The Silver Witch

‘Look, Thistle, this will do! A pickax. Just the tool for the job.’ She knows she sounds ridiculously cheerful.

And it’s fooling no one.

Back in the trench she works the point of the pickax beneath a corner of the stone, then she stands on the other end of the metal head, using her weight to try to pry up the slab. This time it gives a little. Not enough to open the hole properly, but enough to fidget and nudge the stone a fraction to one side. Even so, with this method it will take more time and more energy than Tilda has to remove the thing completely. She steps back, using her soggy sleeve to wipe rain and sweat from her face. There is nothing else for it, she will have to use the torc to help her.

She takes it out of her zipped fleece pocket. She is not wearing gloves, and the moment it touches her skin, she feels a zing of energy pulse through her. It makes her hesitate. She begins to doubt her ability to control its force, to steer its power in the direction she needs it to go. In the kitchen she had marshaled it, had mastered it, but only just. And that was at home. This time she is standing in the grave of someone who wishes her ill. Her running clothes are properly saturated now, and she starts to shiver.

‘This is rubbish,’ she declares. ‘I’m cold, I’m tired and I’m scared. Let’s get this thing done.’

So saying, she shoves the torc over her wrist. It catches on the fluffy thickness of her fleece, so that she can jam it no farther than her wrist. She hopes it will stay in place. All at once there comes the swirling sensation, as if she is on a fairground ride, and everything around her blurs and spins. She plants her feet firmly on the uneven ground, taking hold of the pickax once more. This time, colored light pulsates in front of her.

Wow. This is what I imagine a bad trip feels like. Okay, just ignore it; stay focused.

As she slides the iron spike under the stone she can hear her own heartbeat echoing in her ears, pounding erratically and at a worrying speed. She tries to ignore it, pulling all her attention to shifting the heavy weight at her feet, willing herself to use whatever it is that is inside her.

‘Come on!’ she shouts through the lashing rain. Setting her teeth, she hauls on the ax handle. ‘Move, you bloody piece of … Move!’

There is a grating noise, rough stone sliding over grit and mud and bone, and then it is done. The momentum of the slab’s own weight once it is in motion carries it over the edge of the grave so that it slews sideways into the dirt. And the tangled skeleton, twisted and broken, is exposed.

Tilda is just on the point of crouching down, reaching her hand toward the dark, stained bones, when she is knocked off her feet. She is flung backward, and lands heavily on the hardest, stoniest part of the trench. Winded, unable to draw a breath, the air driven from her lungs by the force with which she struck the ground, she clutches at her chest, struggling to make her body work again and take in oxygen. As she thrashes about in the freezing earth she turns onto her stomach, pushing herself up onto her knees, and all the time she can feel it coming, can feel the rotten soul of the long-dead witch in the grave rising up to loom over her.

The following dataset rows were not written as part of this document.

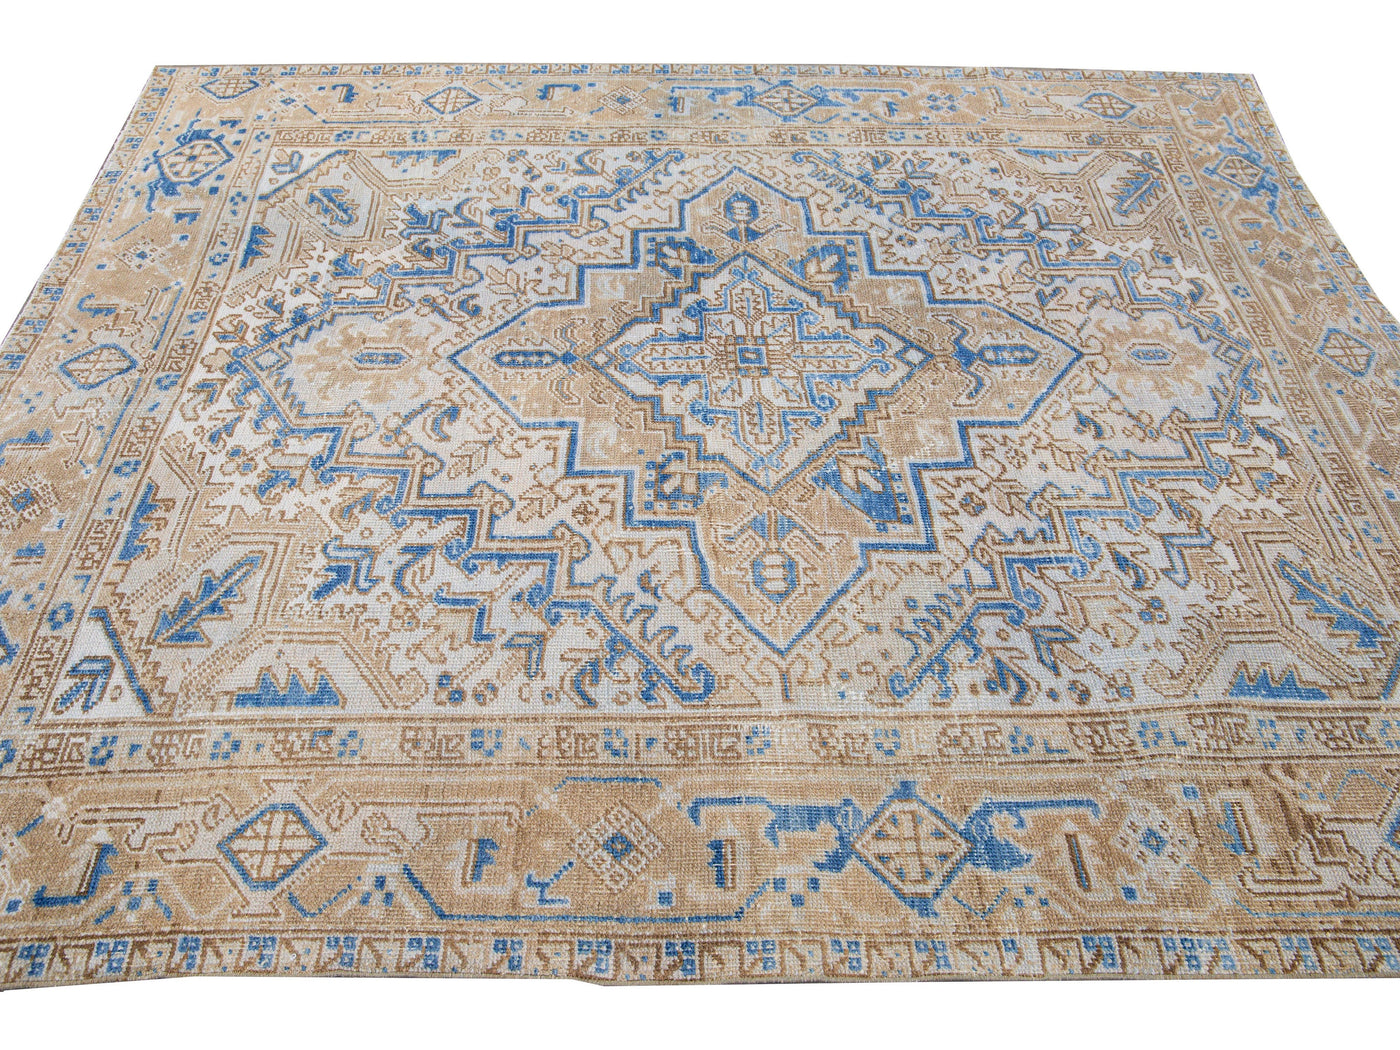 Antique Persian Heriz Beige and Blue Handmade Medallion Designed Wool Rug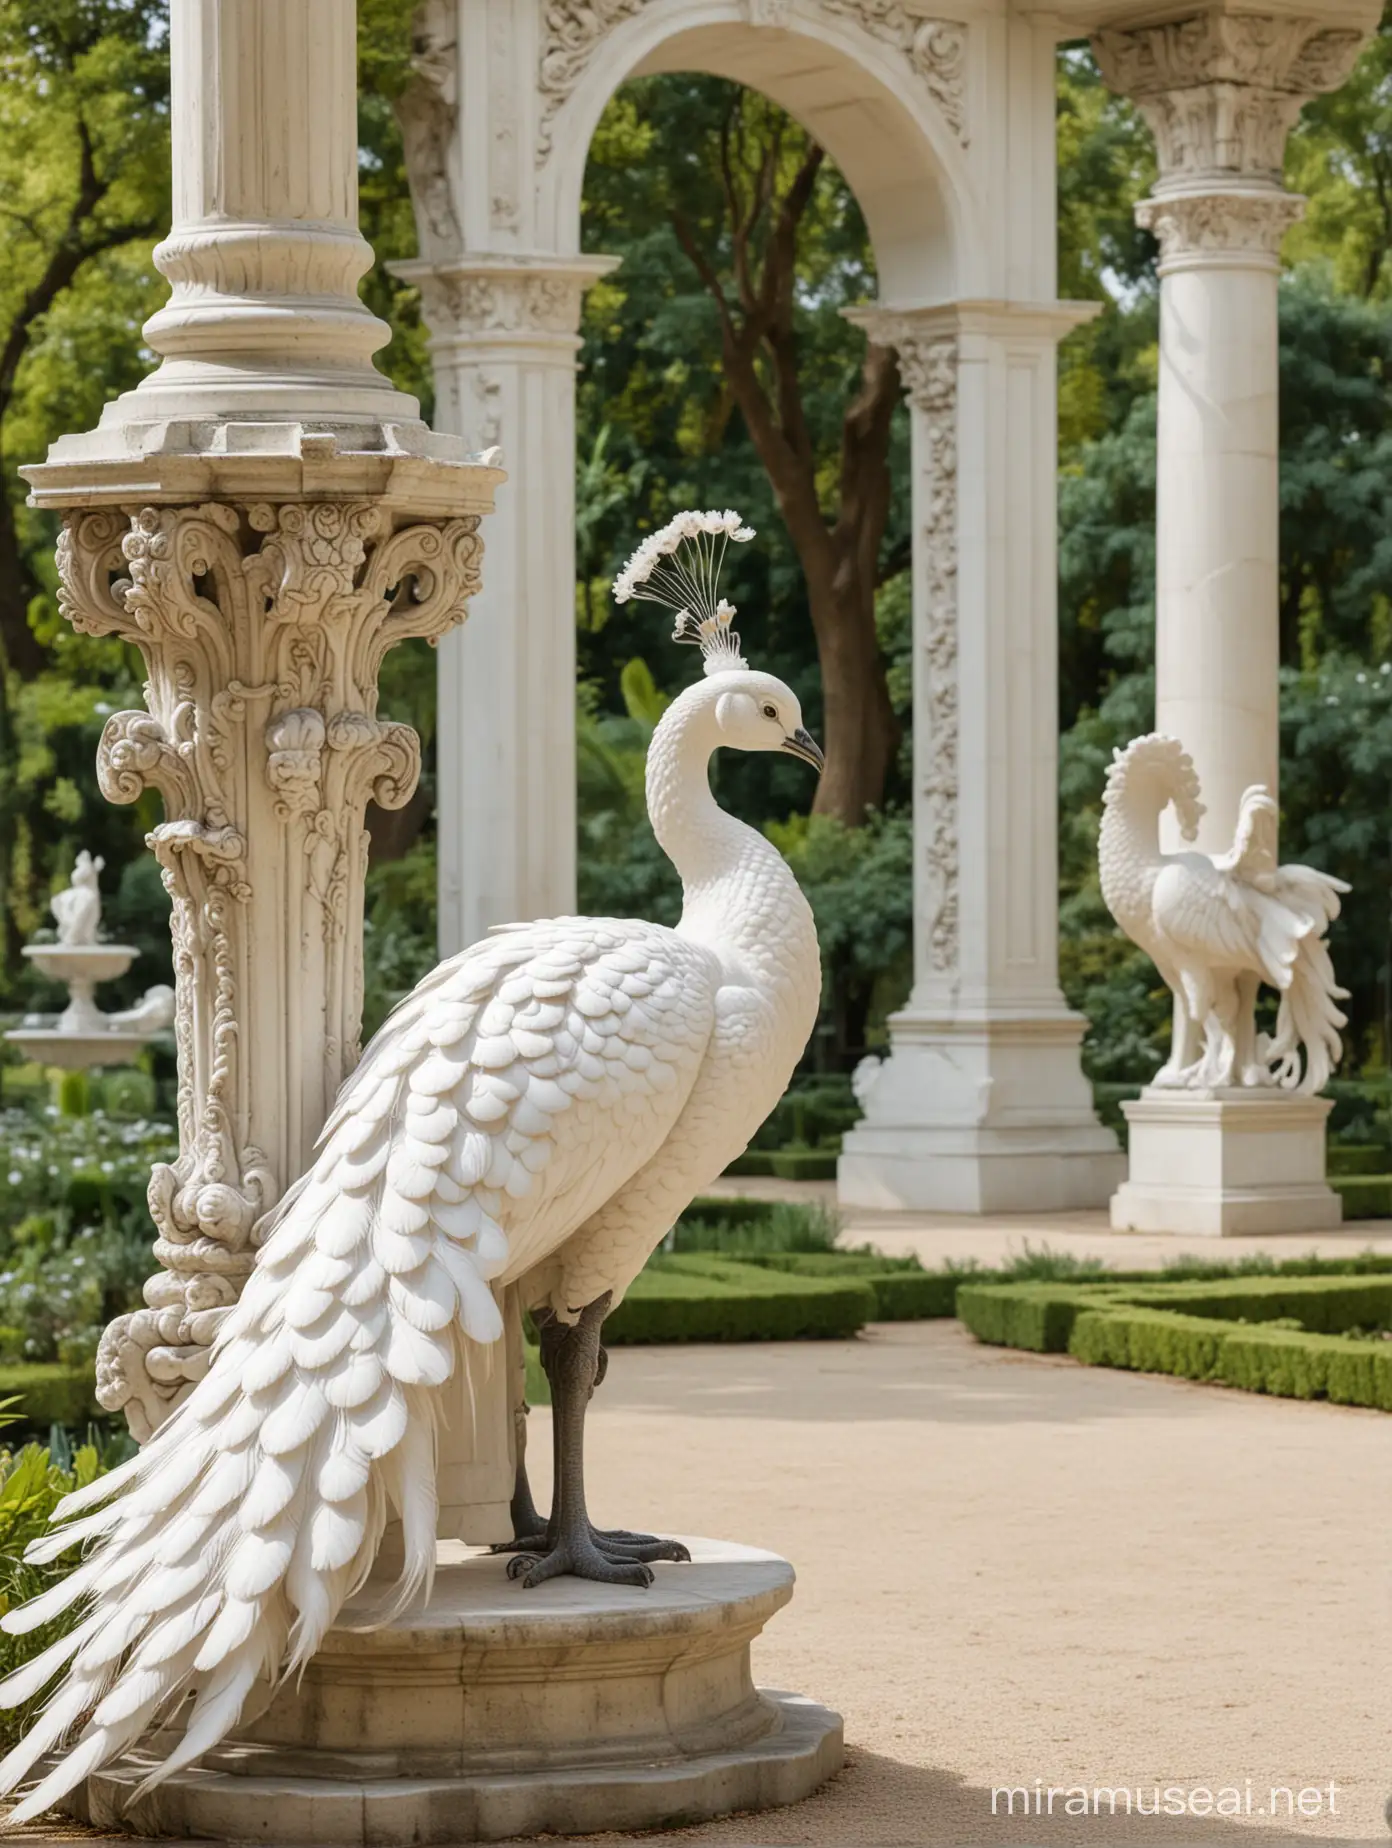 Elegant White Peacock Displaying Its Plumage in Baroque Garden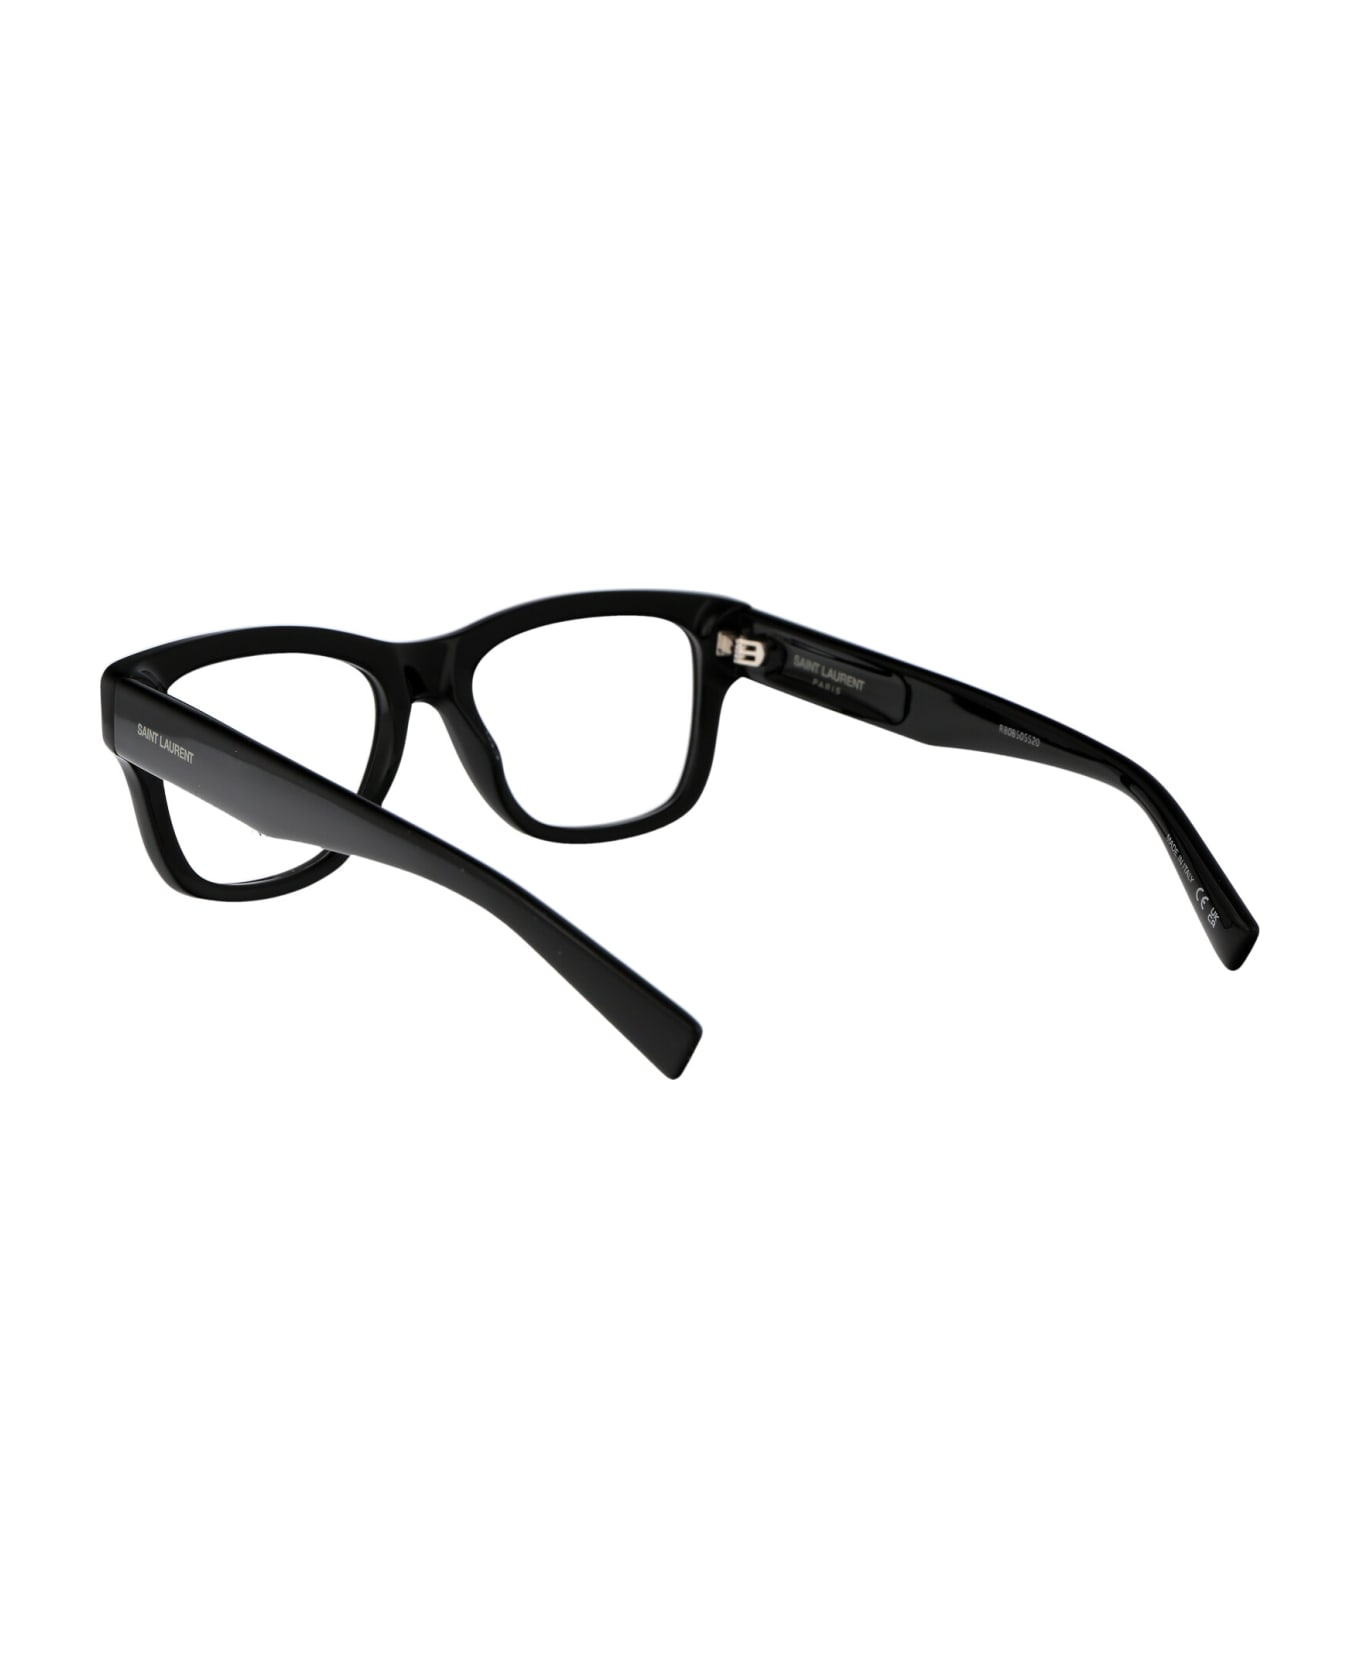 Saint Laurent Eyewear Sl 677 Glasses - 001 BLACK BLACK TRANSPARENT

Thistle barks madly, the only time in her life she has ever made such a sound. Tilda at last gulps air and leaps from the trench at the very moment the pickax swings through the air, embedding itself in the ground where only seconds ago she had been. She tries to see where her assailant is, to pinpoint its shape among the dark, choking mass that has risen from the grave. She cannot make out a proper form, but only glimpses part of a smashed jaw here, a blood-filled eye there, a gaping, broken mouth in front of her one minute and vanished the next. It takes a superhuman effort for her to hold her ground, to stand straight and tall and force herself to remain where she is. The dog is snapping and growling at nothing, driven almost insane with fear and an instinct to protect its mistress. Suddenly the ghost’s face takes shape and spews forth ancient words, some Tilda recognizes as Welsh, others that seem even more ancient, all spat with the same hot hatred and rage.

It’s too strong! I shouldn’t have let it out. I was stupid to think I could deal with it on my own!

The apparition comes closer and closer, thrusting its face at Tilda. She is too petrified to move. She tries to do whatever it was she managed to do in the garden when she used the torc’s energy to clear the snow, or in the kitchen when she used it more subtly to control the electricity, but her head is filled with the screaming and screeching of the ghost, her body weakened by terror and by the numbing cold that has taken hold of her.